Computing the neighborhood is an important step in using the CA model to simulate UE [28,29,30]. At present, the most common neighborhood calculation method uses the number of urban pixels in a certain range of a chosen non-urban pixel divided by the number of pixels in the range (except the pixel itself) to reflect the influence intensity of neighboring urban pixels on the non-urban pixel. However, this calculation method considers only the number of urban pixels around non-urban pixels; this approach is highly simplistic and leads to low simulation accuracy. For this reason, researchers have improved this calculation method in several ways. For example, Pan et al. [31] used neighborhoods of different sizes and shapes to improve the simulation accuracy. Liao et al. [32] proposed a neighborhood attenuation CA model based on particle swarm optimization to improve the simulation accuracy. Nevertheless, while the above two methods consider the impacts of urban land on non-urban land at different distances, the existing neighborhood calculation methods still do not account for differences in the impacts of new urban land in different periods on the neighborhood or the effects of different neighborhood attenuation calculation methods on the results. Thus, the simulation accuracy needs to be further improved.

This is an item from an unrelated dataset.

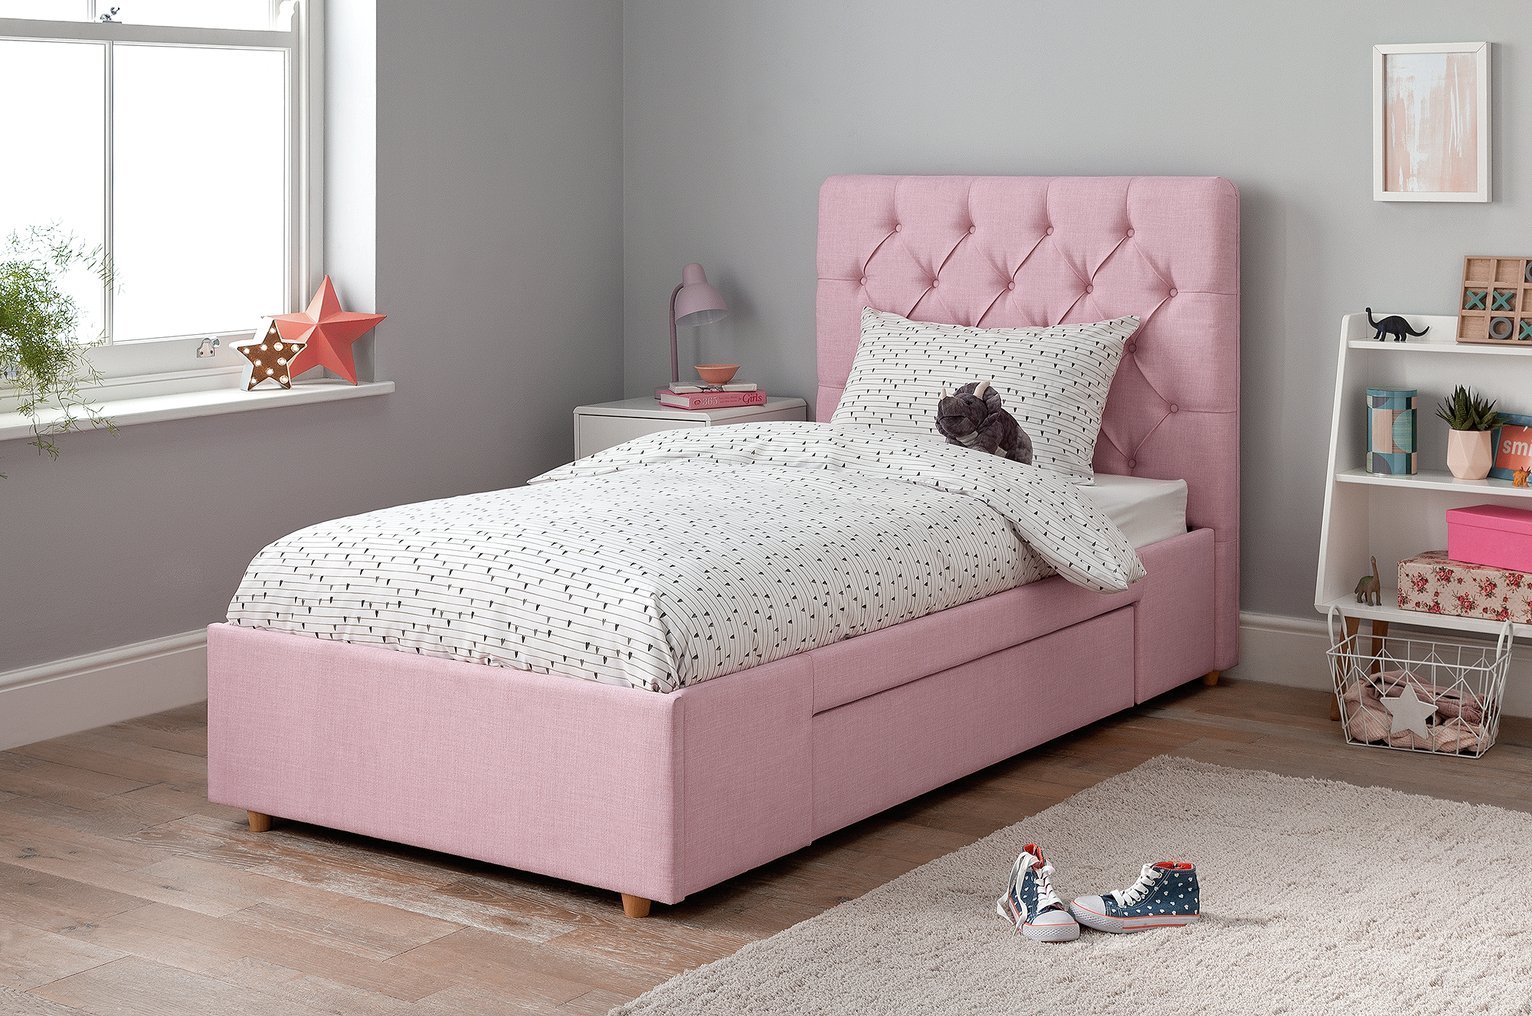 Argos Home Harper Single Bed Frame - Pink

Recently, two new approaches (i.e., the trend-adjusted neighborhood algorithm and the automatic rule detection (ARD) procedure) were developed to improve the calculation of neighborhood effects for CA-based UE models. The trend-adjusted neighborhood algorithm can distinguish the impacts of new urban land in different periods on the neighborhood. In general, the pixels surrounding recent UE areas are more likely to be converted into urban pixels than the pixels surrounding older UE areas [25]. Long-term satellite observations at national and global scales have confirmed this trend [33,34,35]. Recently, Li et al. [36] weighted neighborhoods based on historical UE trends to develop a trend-adjusted neighborhood algorithm and integrated this algorithm into the commonly used Logistic-CA model, thereby developing the Logistic-Trend-CA model. This model considers the influence of UE trends and more accurately simulates UE by adjusting the weights of neighborhoods.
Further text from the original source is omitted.